Condition 5th percentile Median 95th percentile
Coldest month, mean daily low 3.3 °C 11.9 °C 23.5 °C
Warmest month, mean daily high 25.9 °C 30.5 °C 33.6 °C
Annual rainfall 760 mm 1,354 mm 3,370 mm
Rainfall in the driest quarter 12 mm 156 mm 483 mm

It is found where winters are cool but frost is light or absent. This is not care advice and it is not a forecast. It is a measurement: we sampled the climate at every one of the 734 research-grade observations of Richardia scabra that carry a coordinate, and this is the range those places actually span. The 5th and 95th percentiles are used rather than the minimum and maximum, because a single cultivated specimen in a heated conservatory should not widen a tropical plant's range to the Arctic.

This is not a hardiness zone. A USDA zone is the average annual extreme minimum temperature. The figure above is the mean daily minimum of the coldest month, which is a different quantity and is typically far warmer. Reading one as the other would place a plant several zones too warm, so we do not publish a hardiness zone, because we do not have one. Climate from CHELSA V2.1 (Karger et al. 2017); occurrences from 10.15468/dl.cgje2x.

Also published as 11 synonyms

A synonym is not an error. It is a record of botanists disagreeing, in print, about where this plant belongs. Each of these was somebody’s considered answer.
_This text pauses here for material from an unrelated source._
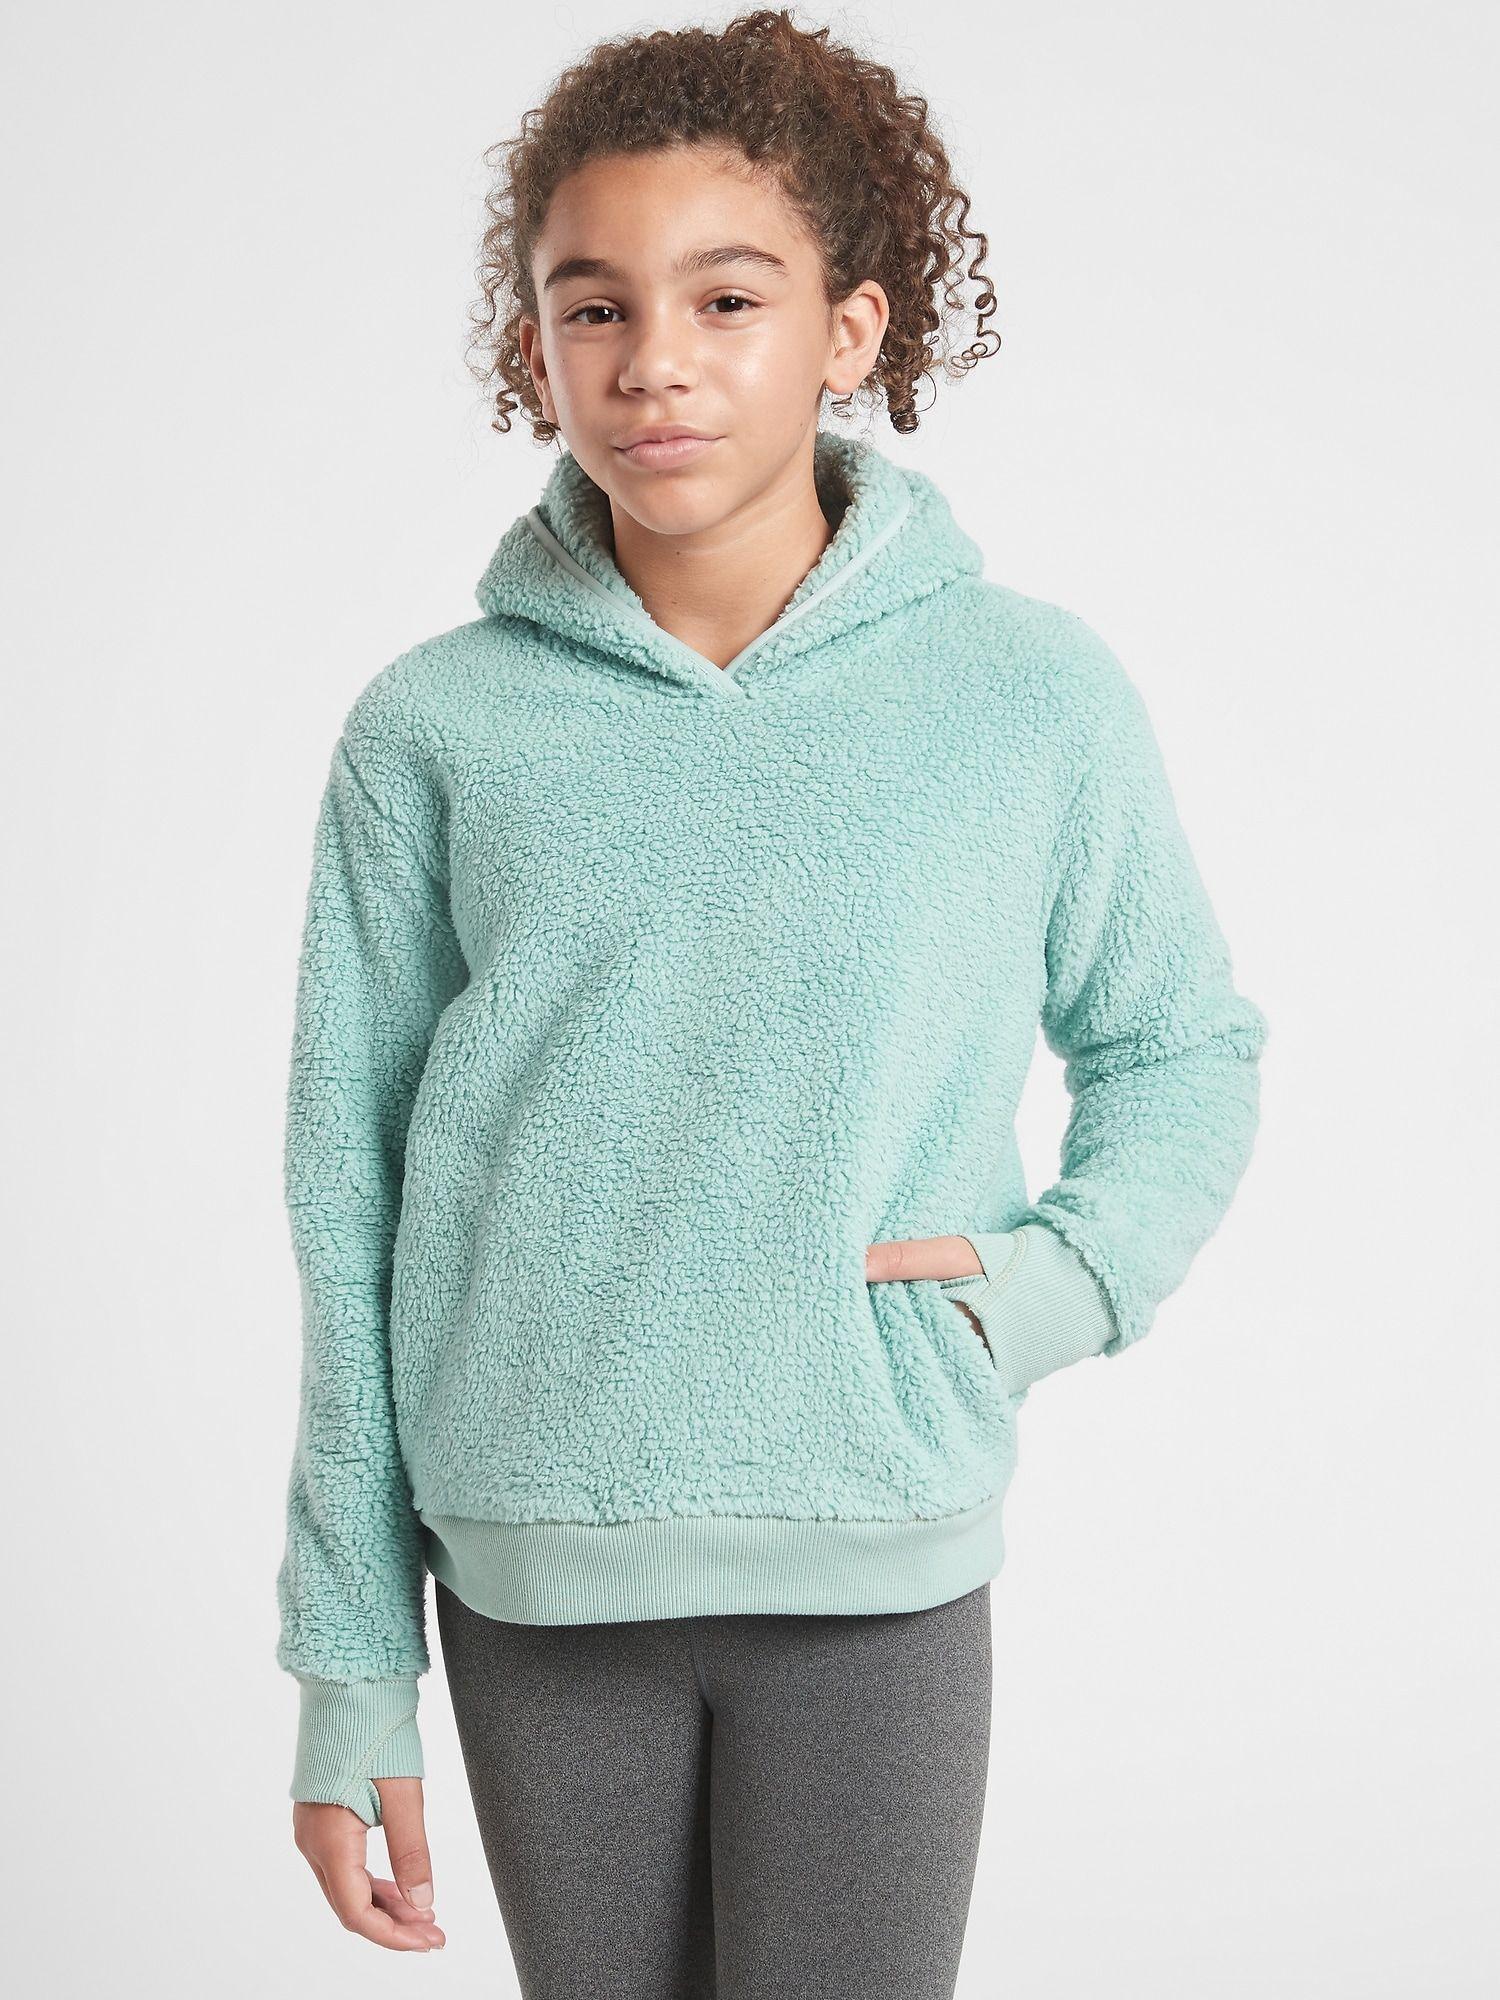 Athleta Girl So Snug Sherpa Hoodie 2 0 Athleta In 2021 Sherpa Hoodie Girl Sweatshirts Hoodies [ 2000 x 1500 Pixel ]
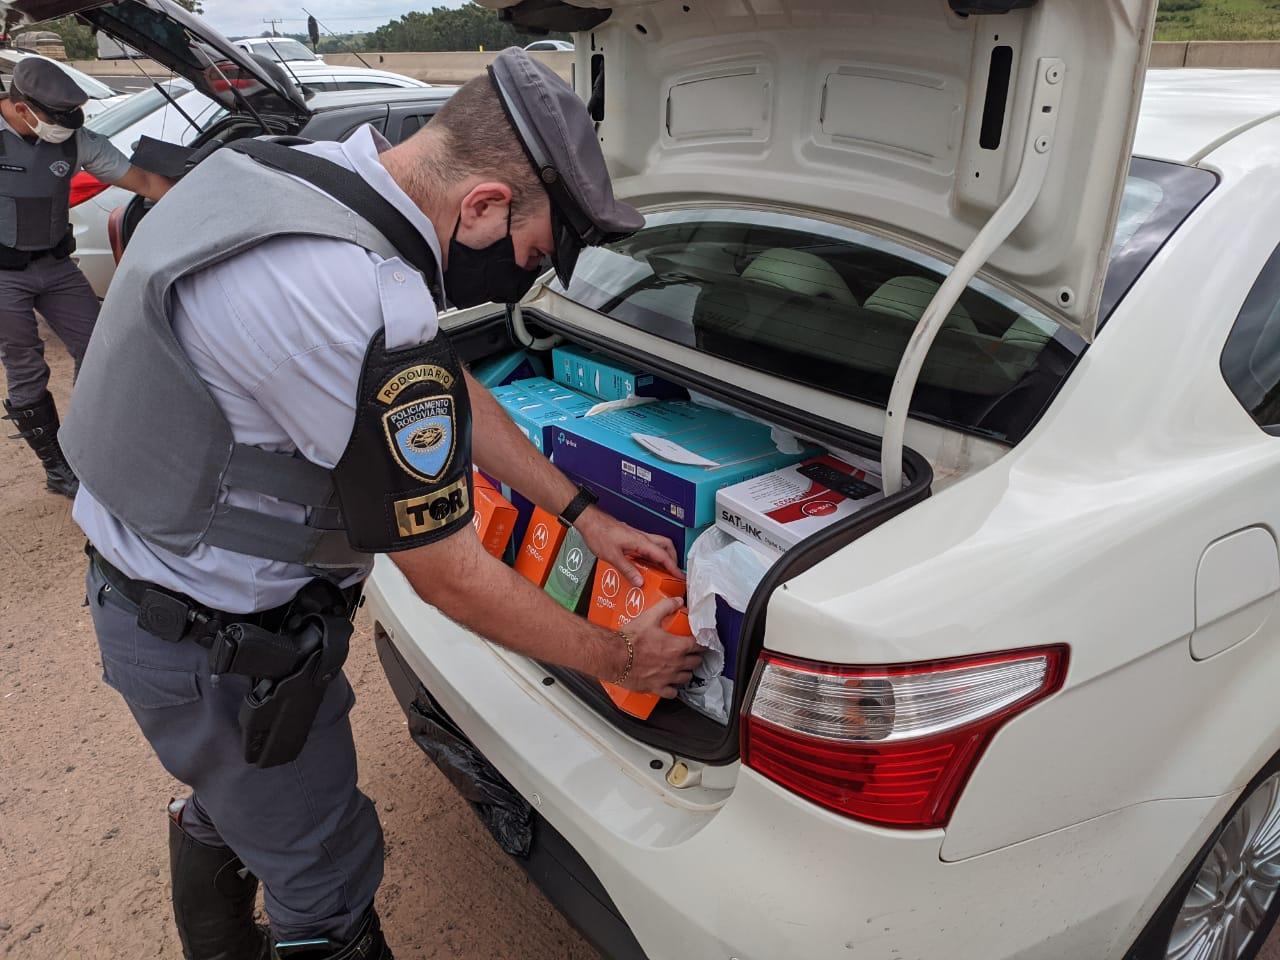 Produtos contrabandeados são apreendidos em rodovia da região.

  • Plethyrsis glauca Raf.
  • Richardia cubensis A.Rich.
  • Richardia pilosa Ruiz & Pav.
  • Richardia procumbens Sessé & Moc.
  • Richardia scabra var. chacoensis E.L.Cabral & Bacigalupo
  • Richardia shaoyoukengensis S.S.Ying
  • Richardsonia cubensis A.Rich.
  • Richardsonia pilosa (Ruiz & Pav.) Kunth
  • Richardsonia scabra (L.) A.St.-Hil.
  • Spermacoce hirsuta Willd.
  • Spermacoce involucrata Pursh

Sourcesevery claim on this page

  1. World Flora Online Plant List. accepted name, authority, classification. CC0. Retrieved 2026-07-12.
  2. iNaturalist. photographs and flowering annotations, CC0 / CC BY / CC BY-SA only. per photograph. Retrieved 2026-06-27.
  3. USDA PLANTS Database. common name, checklist symbol RISC. public domain. Retrieved 2026-07-13.
  4. Kew, World Checklist of Vascular Plants (WCVP v16). native distribution by TDWG level-3 botanical country, and life form. CC BY 3.0. Retrieved 2026-06-04.

We publish what we can source and we say so when we cannot. This page has no care advice and no toxicity claim, because we do not yet have those from a source we can cite.